§ Data section:
*** Begin section ***
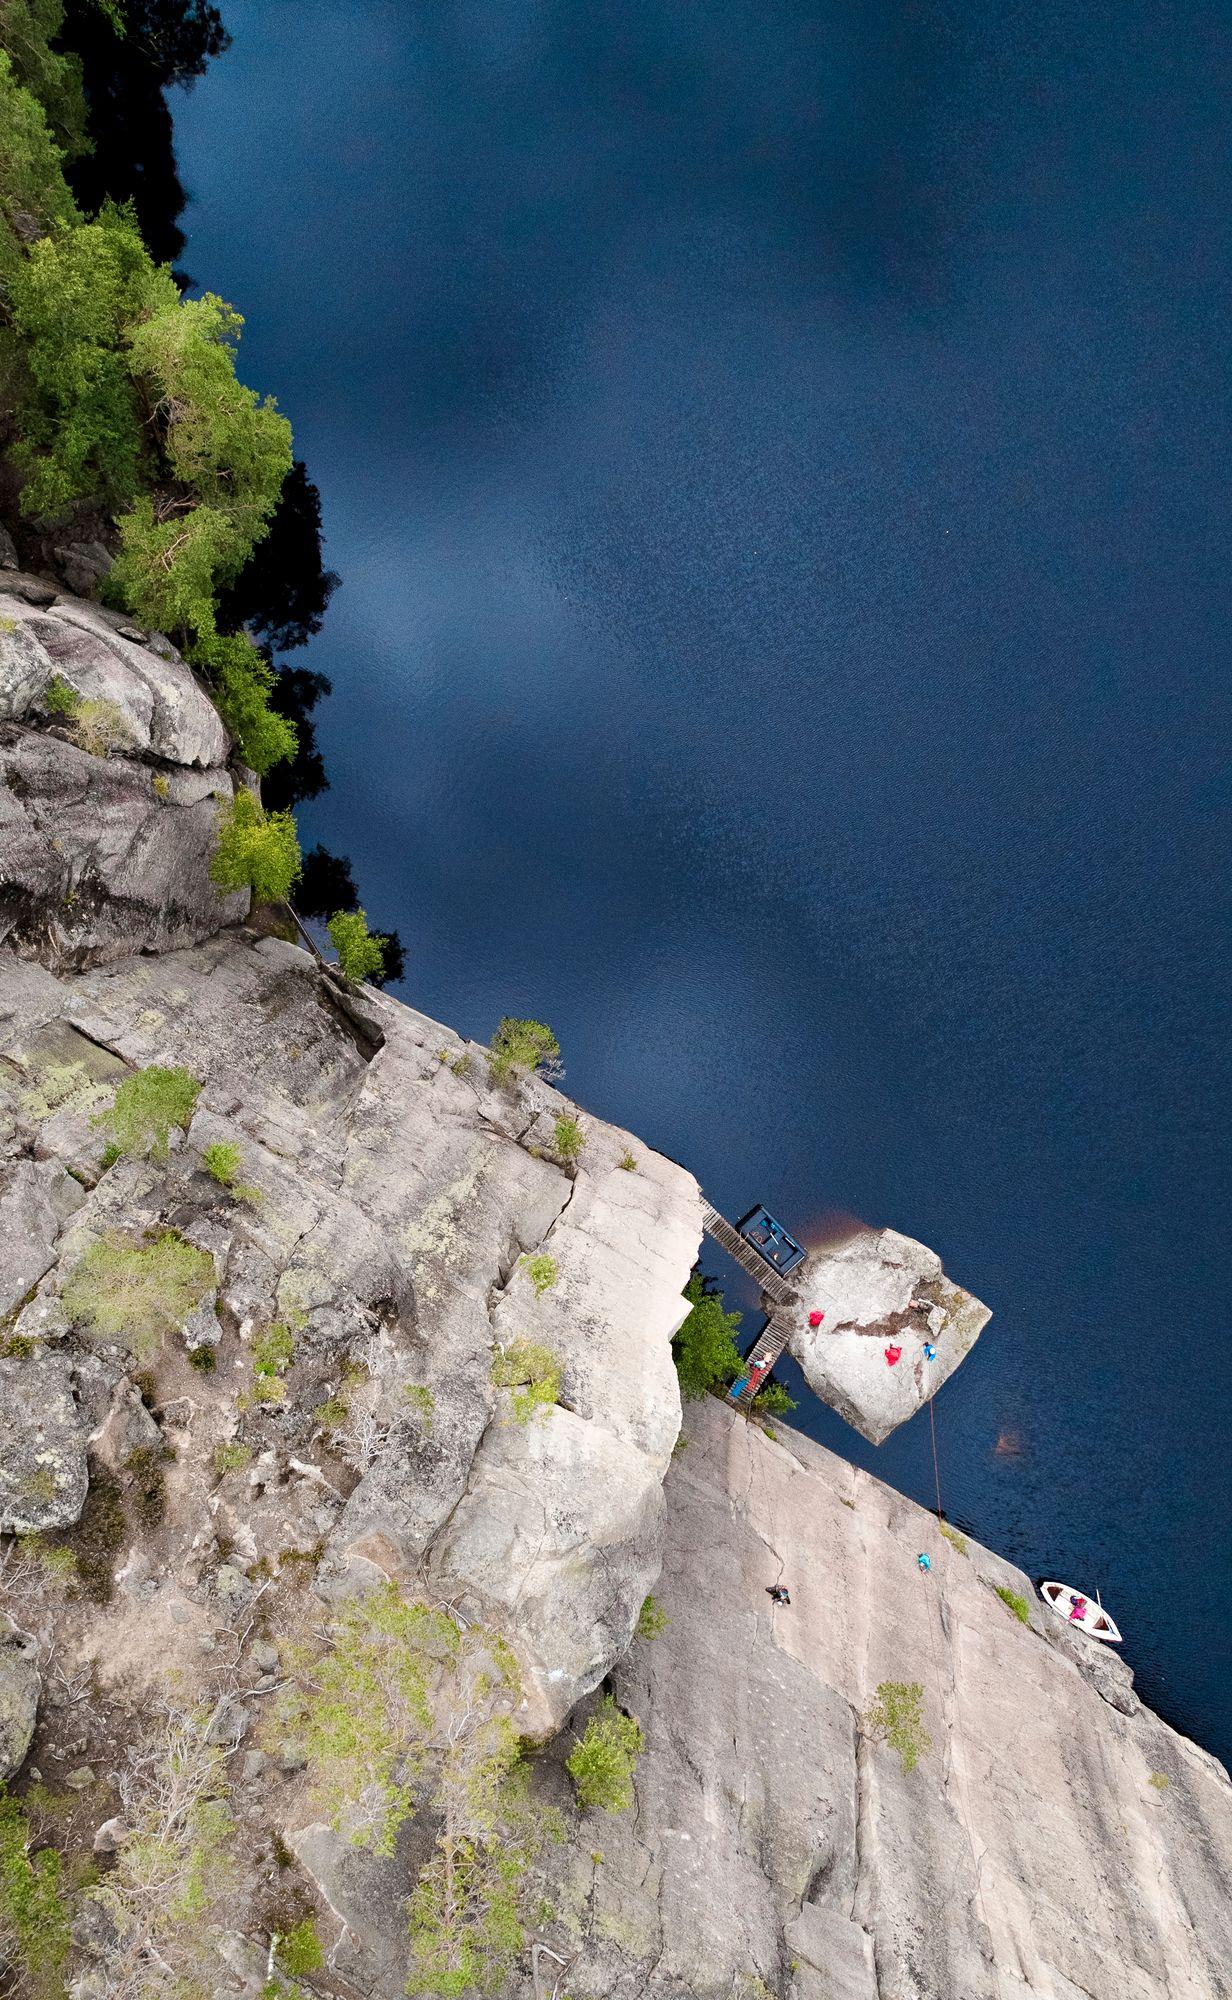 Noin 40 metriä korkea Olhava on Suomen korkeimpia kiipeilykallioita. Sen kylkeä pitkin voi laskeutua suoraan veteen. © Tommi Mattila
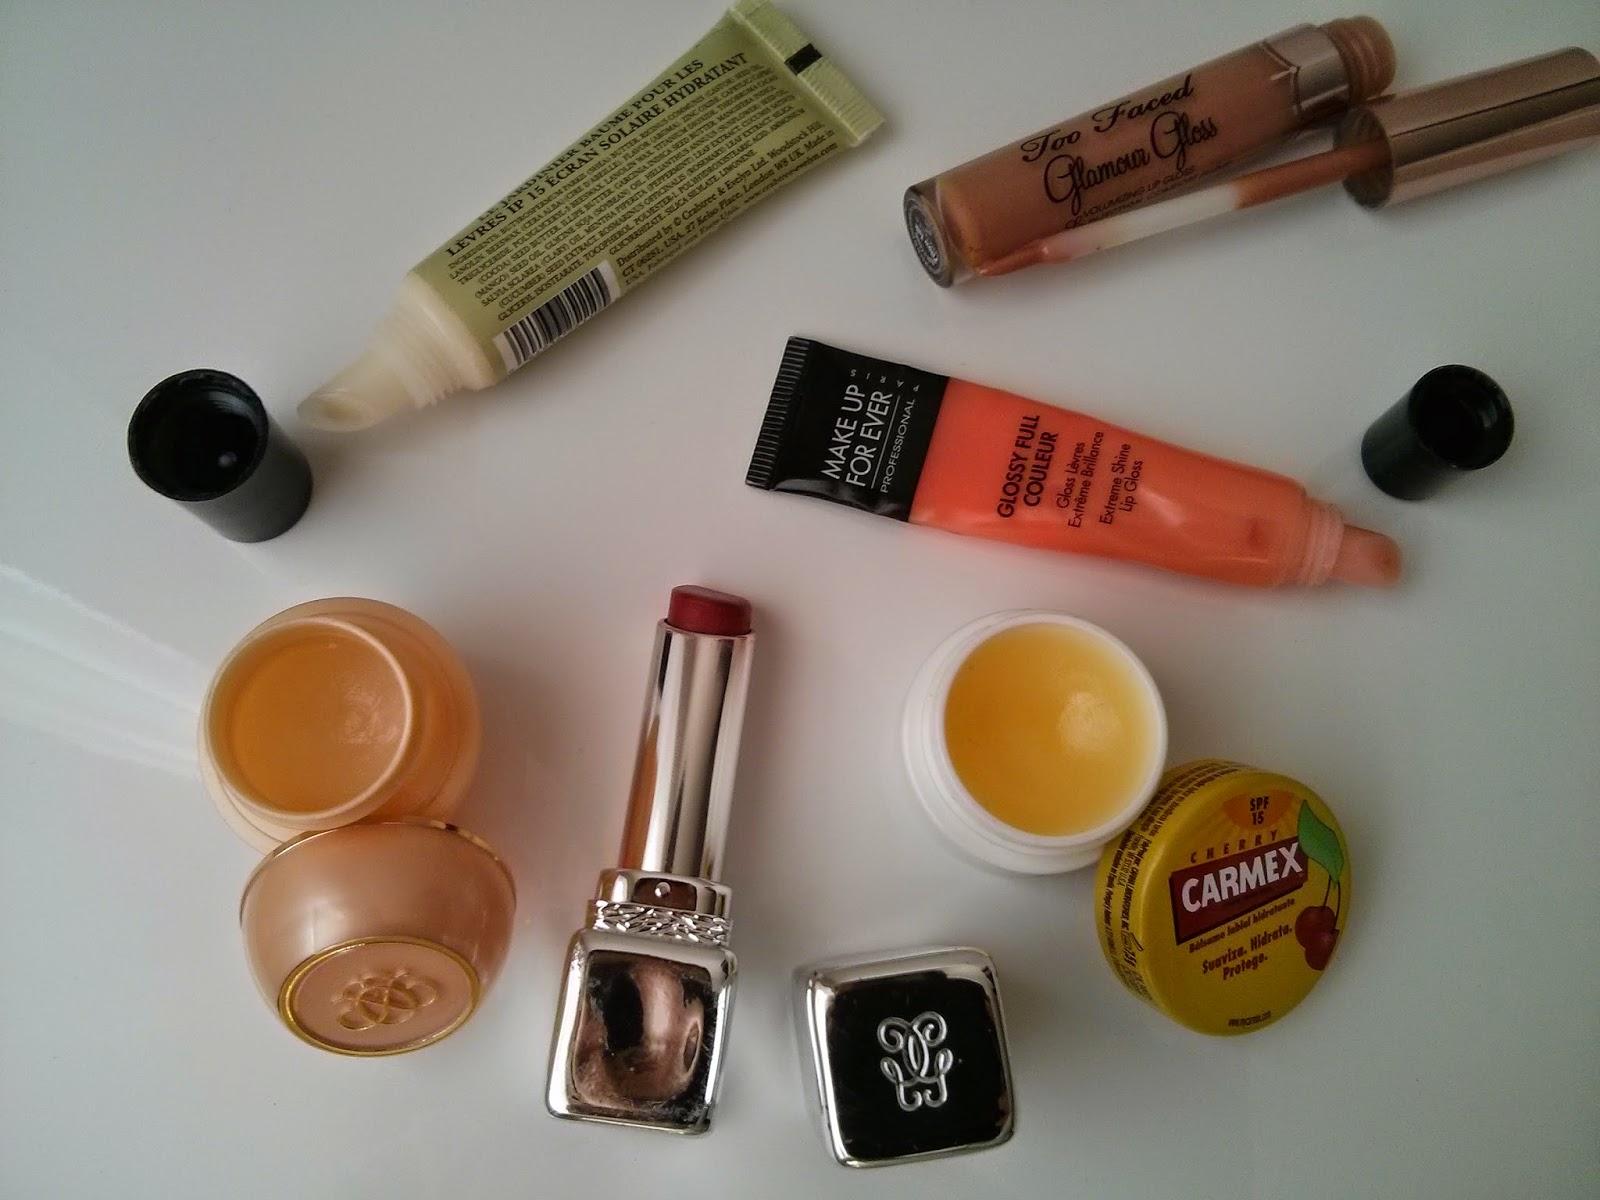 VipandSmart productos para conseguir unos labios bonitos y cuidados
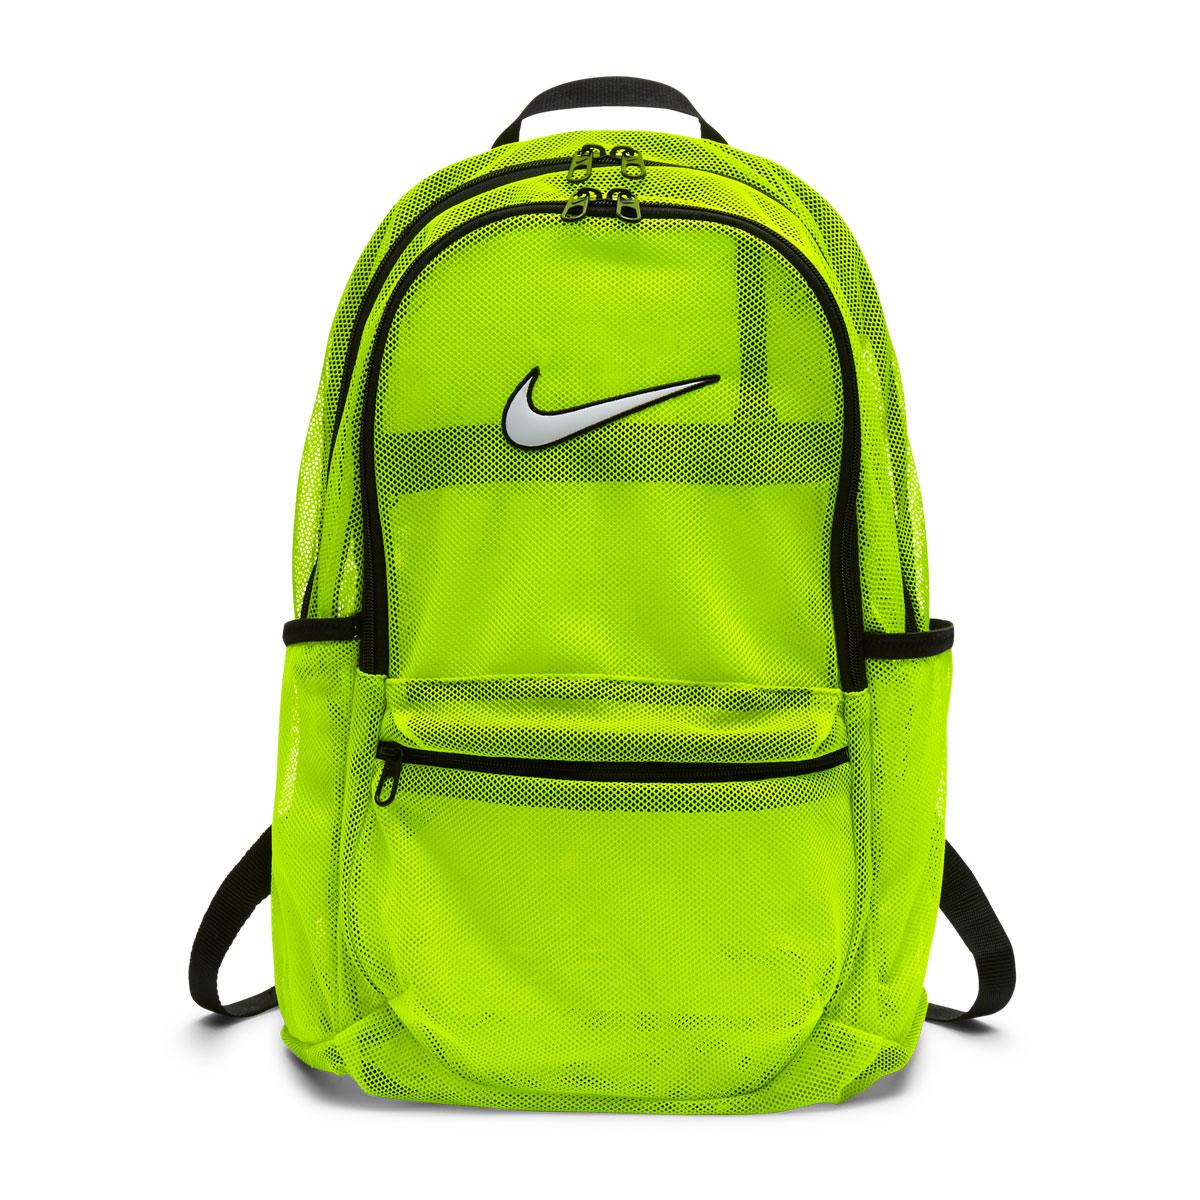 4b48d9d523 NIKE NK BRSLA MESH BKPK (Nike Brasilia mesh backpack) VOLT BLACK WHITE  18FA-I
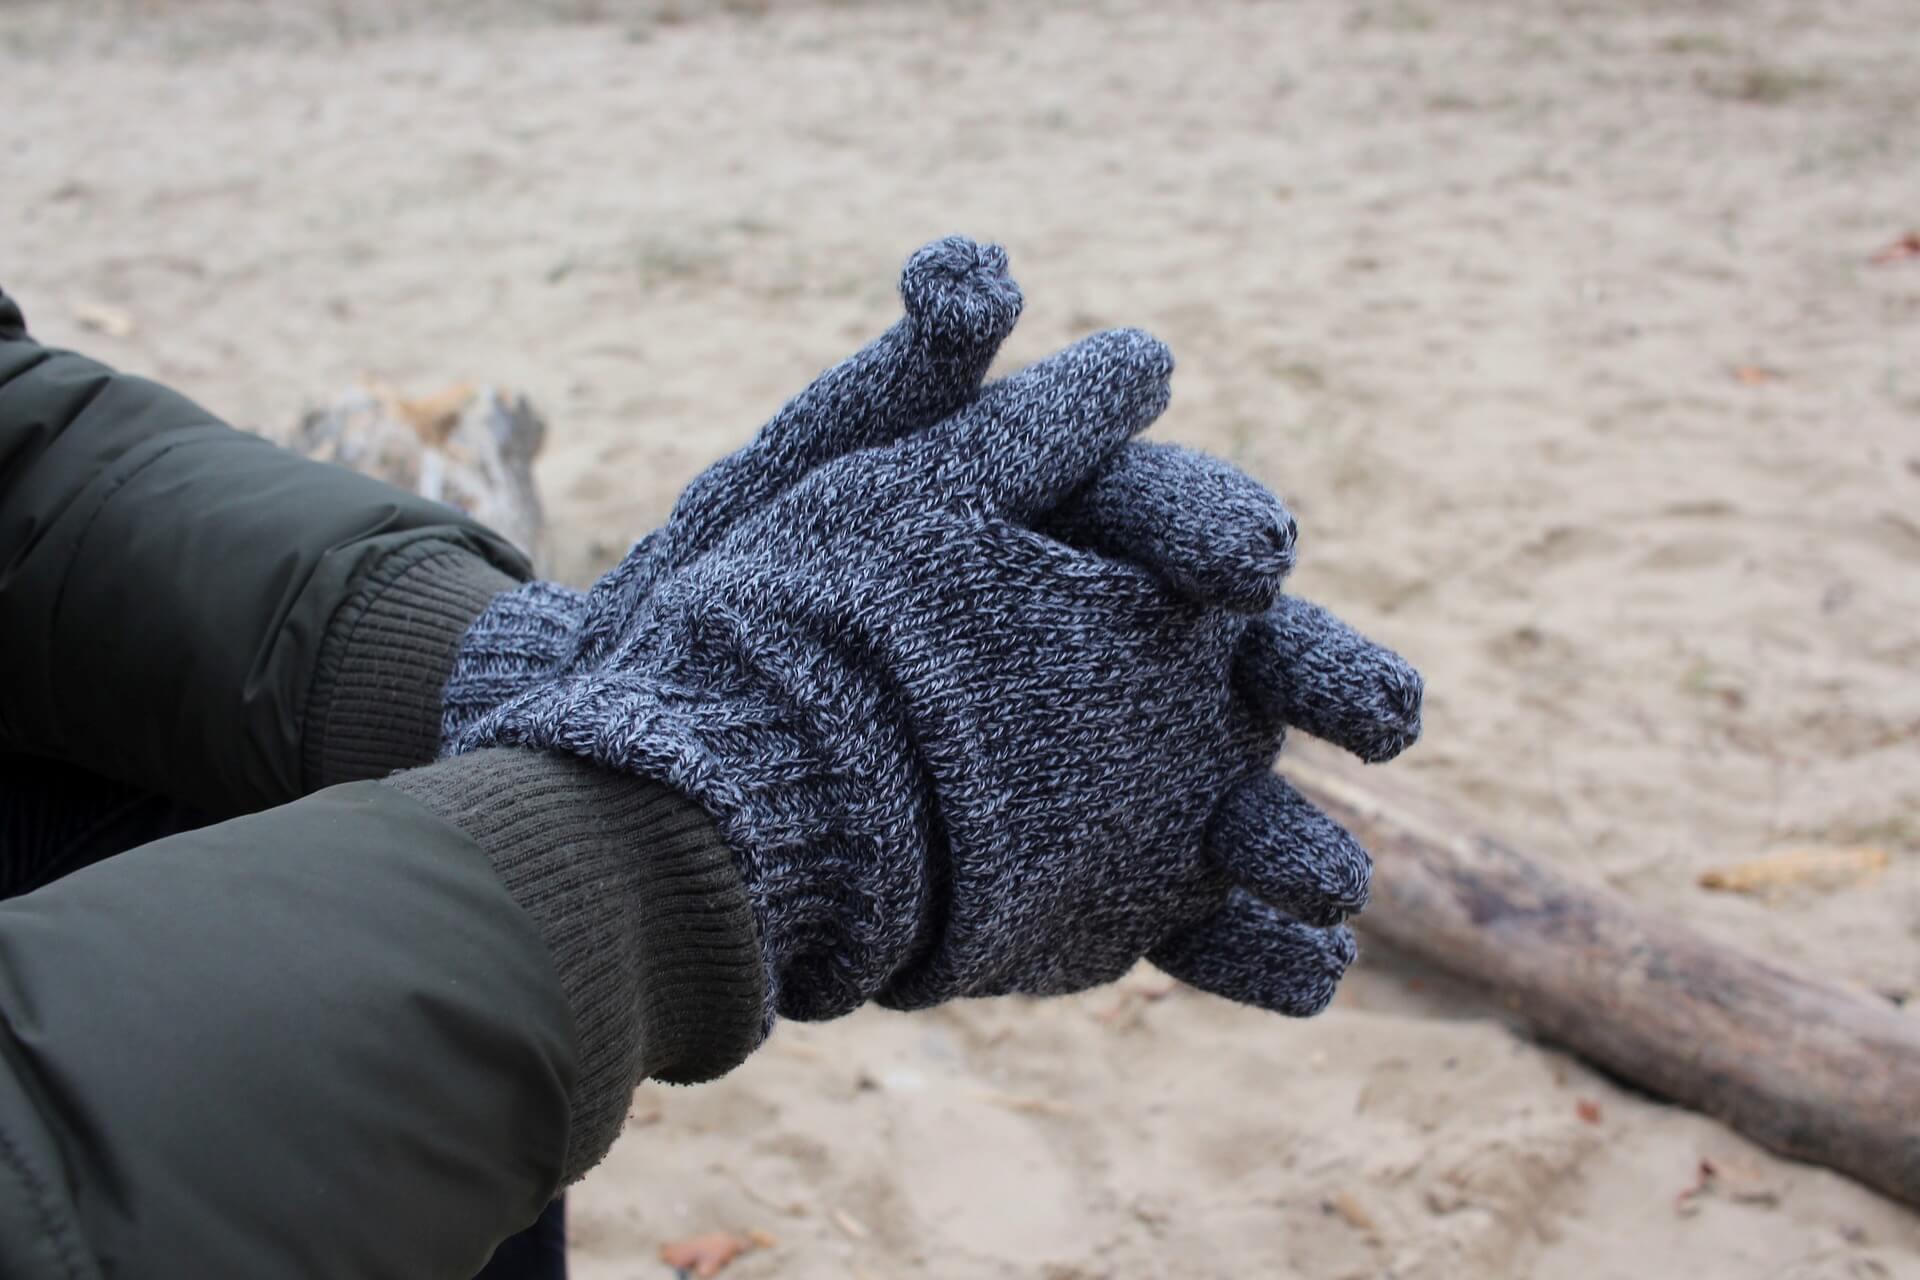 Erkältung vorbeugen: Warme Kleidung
*** End section ***
§ What you are asked to do: Reproduce the listing word for word, but keep the pictures out of it.

§ Solution to the problem:
 Noin 40 metriä korkea Olhava on Suomen korkeimpia kiipeilykallioita. Sen kylkeä pitkin voi laskeutua suoraan veteen. © Tommi Mattila
 VipandSmart productos para conseguir unos labios bonitos y cuidados
 4b48d9d523 NIKE NK BRSLA MESH BKPK (Nike Brasilia mesh backpack) VOLT BLACK WHITE  18FA-I
 Erkältung vorbeugen: Warme Kleidung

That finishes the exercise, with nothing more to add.